American Wings, Iranian Roots
by Kristin Orloff

The book is a true story about a woman writer (the author) in California who befriends an Iranian coworker, Reza Abedi. Their sons play on the same little league baseball team. Over the course of time, Reza tells the author his story of defecting from Iran.

Reza is a gold medal winning wrestler. On the last night of the 1982 Military World Wrestling Championships, he grips his gold medal, knowing that American wrestlers wait minutes away to help him defect. He is torn between choosing between his own freedom and the possible revenge killing of his thirteen year-old brother locked in Ayatollah Khomeini’s prison.

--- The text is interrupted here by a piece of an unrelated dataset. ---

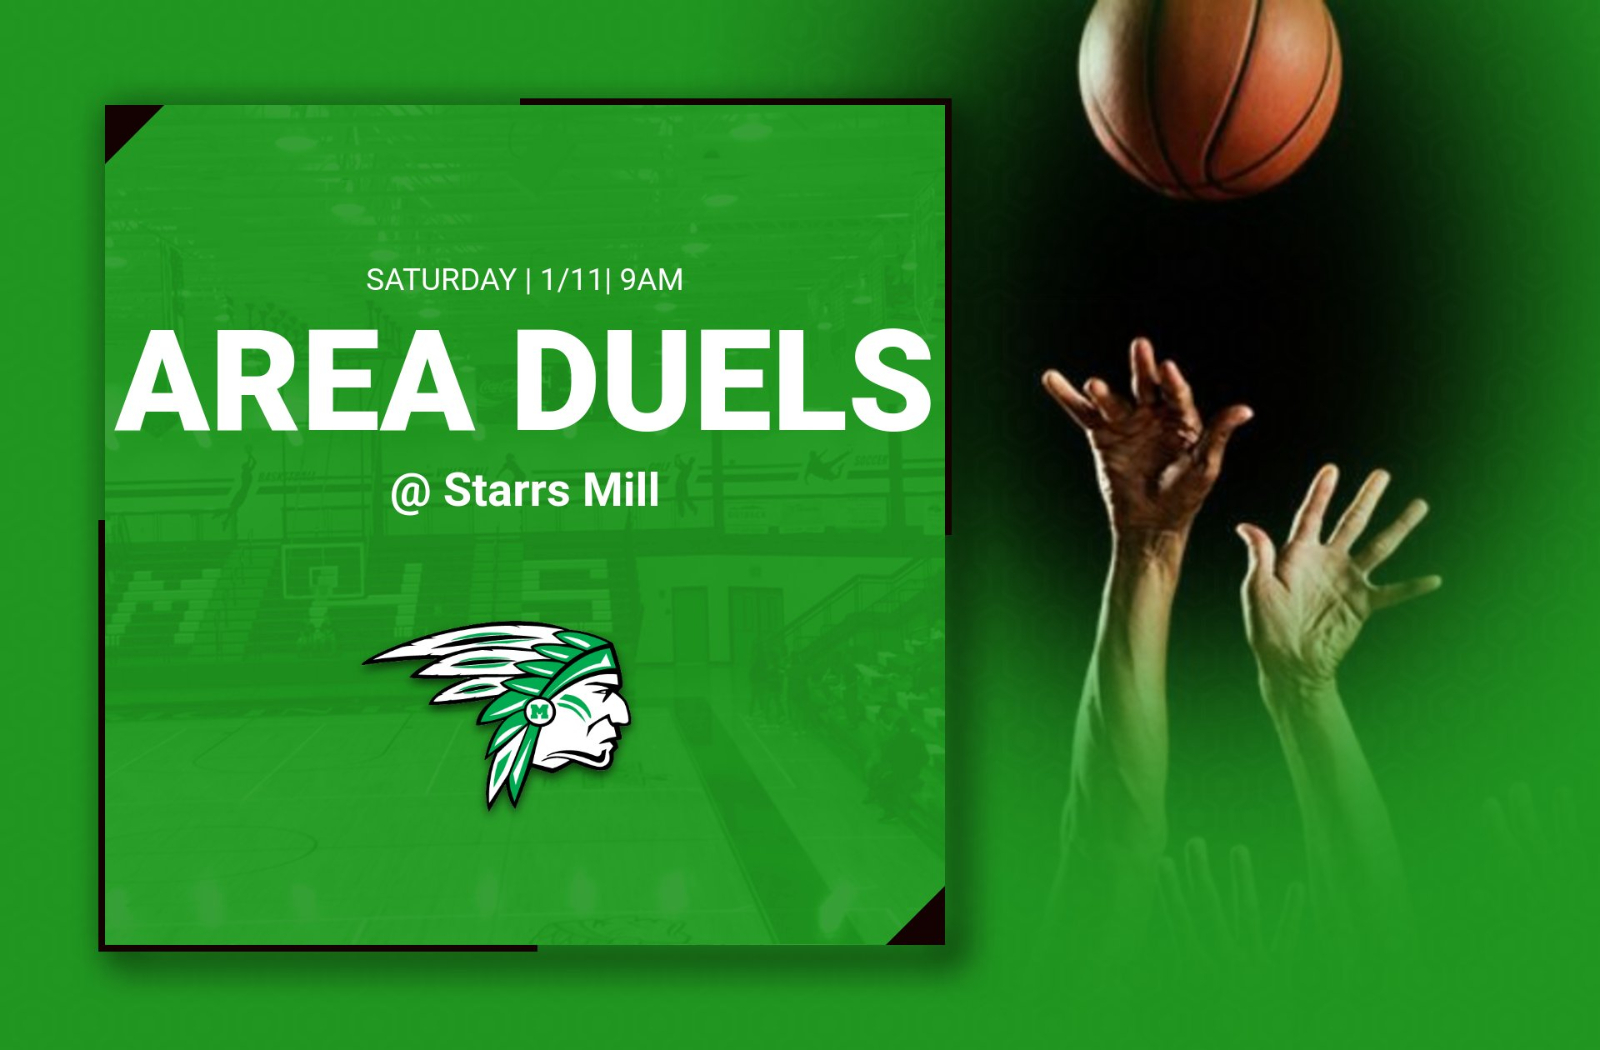 Wrestling Area Duels Saturday 1/11 @ Starrs Mill
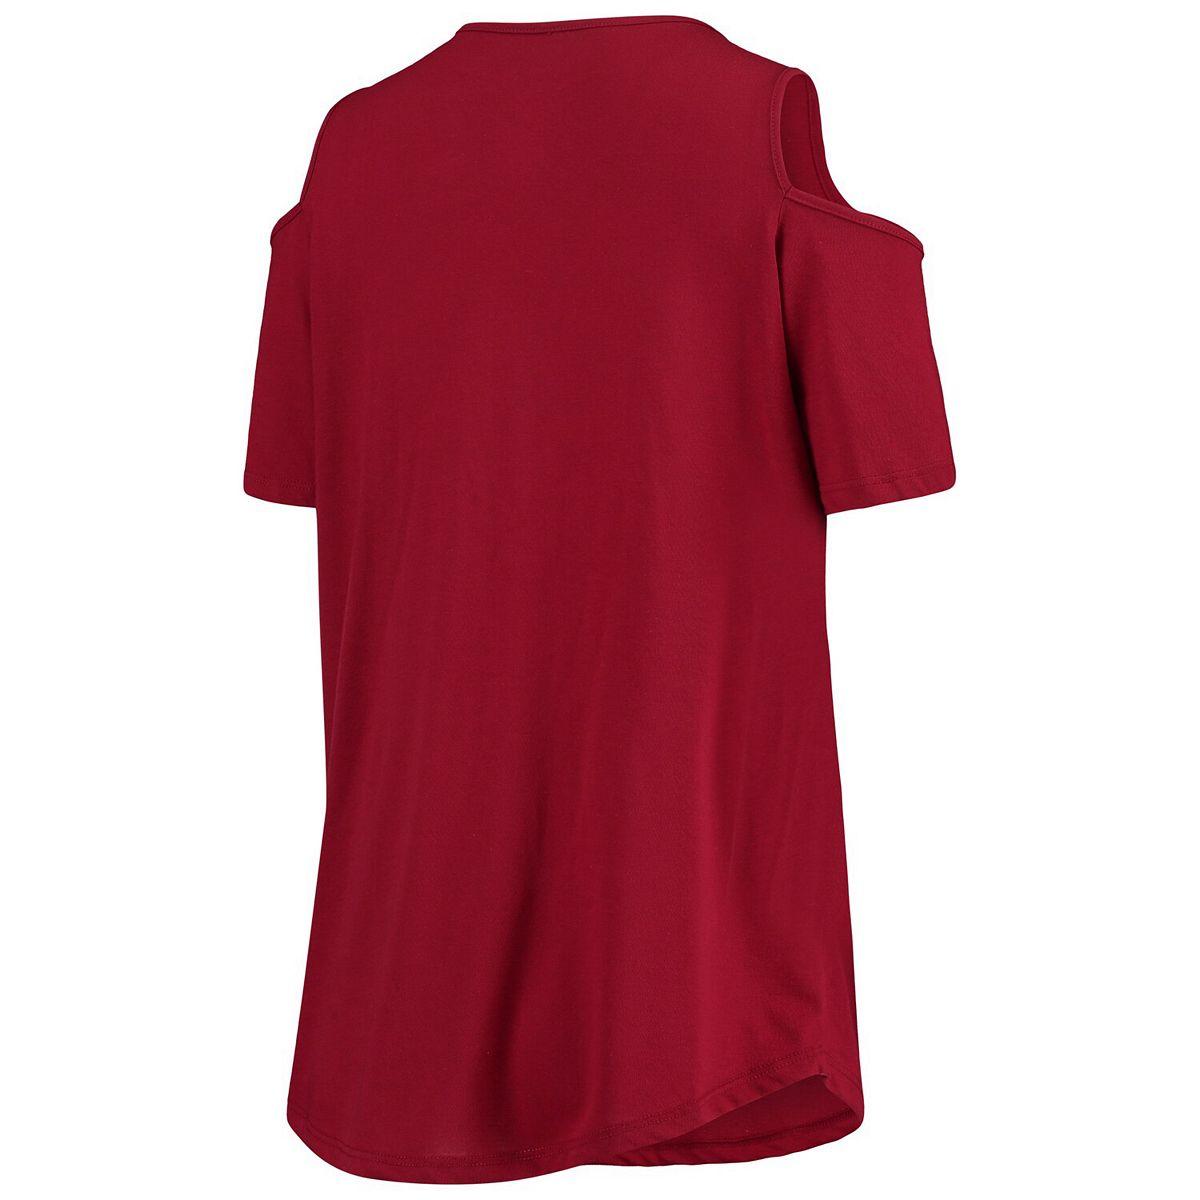 Women's Crimson Oklahoma Sooners Plus Size Cold Shoulder T-Shirt weRKT

The subplot of the book is what happens to his family, left in Iran while he pursues his dream of freedom. The book opens a door on the war-torn history of Iran, what Khomeini promised and the reality of what wasn’t delivered.

Reza’s inspiring story celebrates honor, family and freedom. After he leads bloody battles in the 1979 Iranian Revolution and serves in the Air Force, he desires a fate beyond the suffocating suppression of Ayatollah Khomeini’s Iran.

Beyond the images of the blindfolded American hostages, the bearded cleric Ayatollah Khomeini and the controversial President Mahmoud Ahmadinejad, there are millions of men, women and children who desire to live with freedom and dignity. This story is their voice.